Conventionally, mortar is understood to mean a tube that is used to project pyrotechnic components, and so it constitutes a separate piece from the device.
The applicant hereof holds Spanish Patent ES 2287458, consisting in a locking system for non-reusable pyrotechnic launch tubes, specifically for those that consist in the pyrotechnic launch tubes themselves, equipped with a cylindrical body housing inside it both the objects or pyrotechnic materials and the lifting propellent, which is characterized in that said tube is equipped on its bottom end with a plurality of tabs which, as a set, configure a cylindrical, radial and elastically deformable neck, in which said tabs terminate on respective locking barbs on top of a locking piece, fixable to the frame of the tubes or integrated onto this frame to form a single piece.
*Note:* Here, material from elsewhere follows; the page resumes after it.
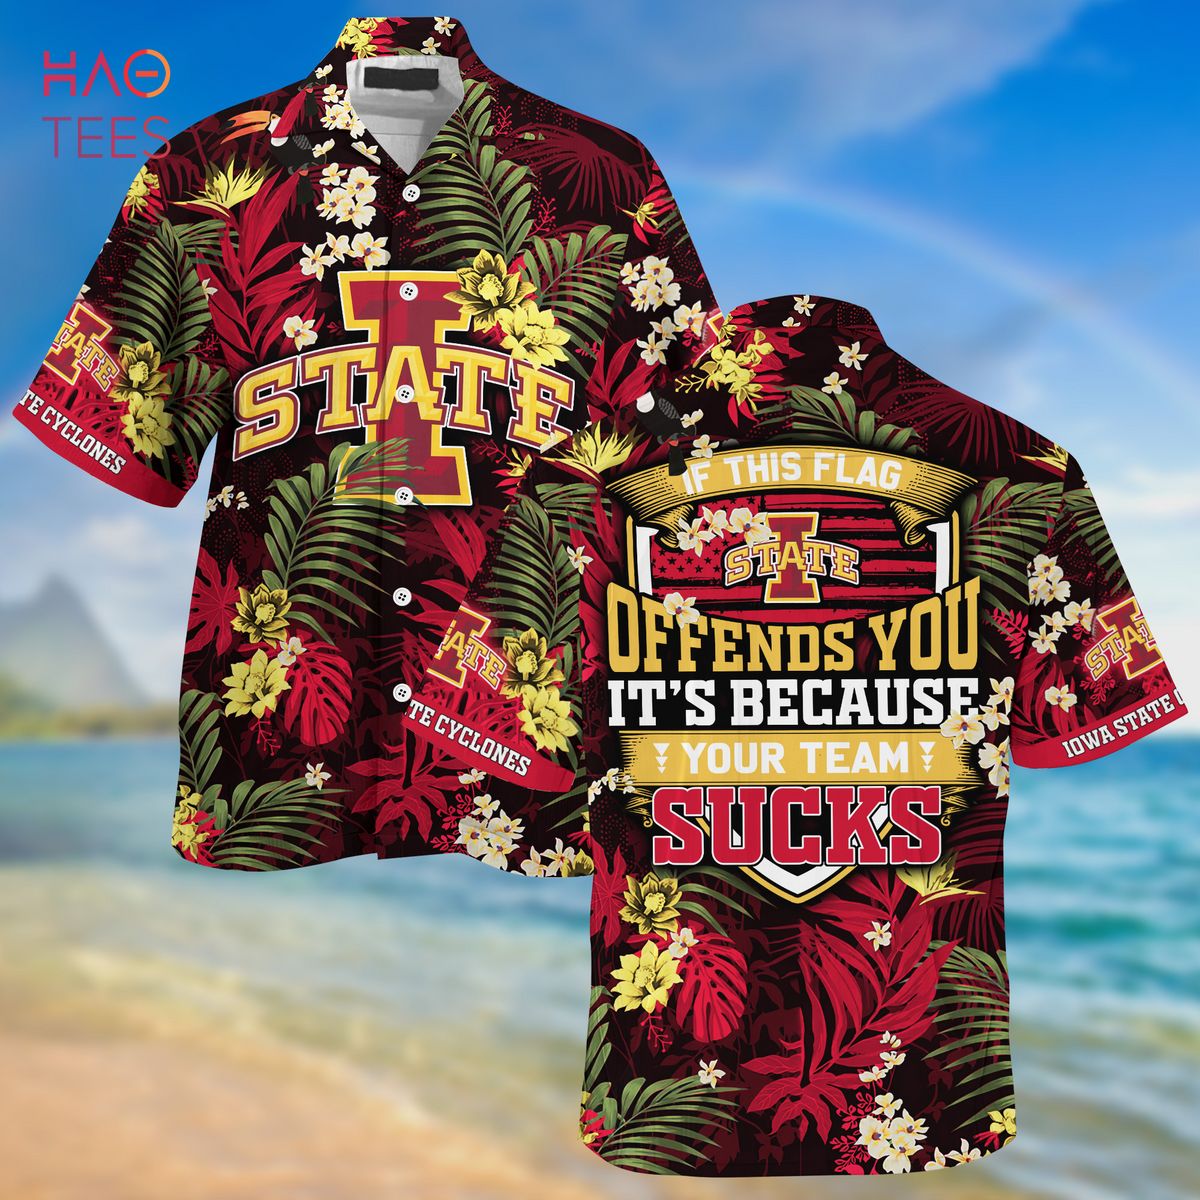 [LIMITED] Iowa State Cyclones  Summer Hawaiian Shirt And Shorts,  With Tropical Patterns For Fans

Furthermore, the pyrotechnic launch tube is adapted for housing an igniter inside it with its corresponding feeder cable; however, this launch tube has a small opening on its bottom portion which is not equipped for introducing a pyrotechnic device through it; rather it is only for housing said igniter. This makes it necessary to perforate the base of the launch tube by making an orifice for said housing, which may complicate maintaining its airtightness, resulting in the entry or filtration of gases during ignition and even the need of placing the igniter before the lifting propellent so as to keep the propellent from falling out of said orifice.
The intervention at hand further tries to improve different features of the frame itself, such as the locking system between it and the pyrotechnic launch tubes, being now reusable and exchangeable, with anchoring devices that provide greater safety to the assembly and a considerable increase in reliability, as well as the introduction and installation of a pyrotechnic device both through the bottom portion and the top portion of the pyrotechnic launch tubes, unlike the state of the art.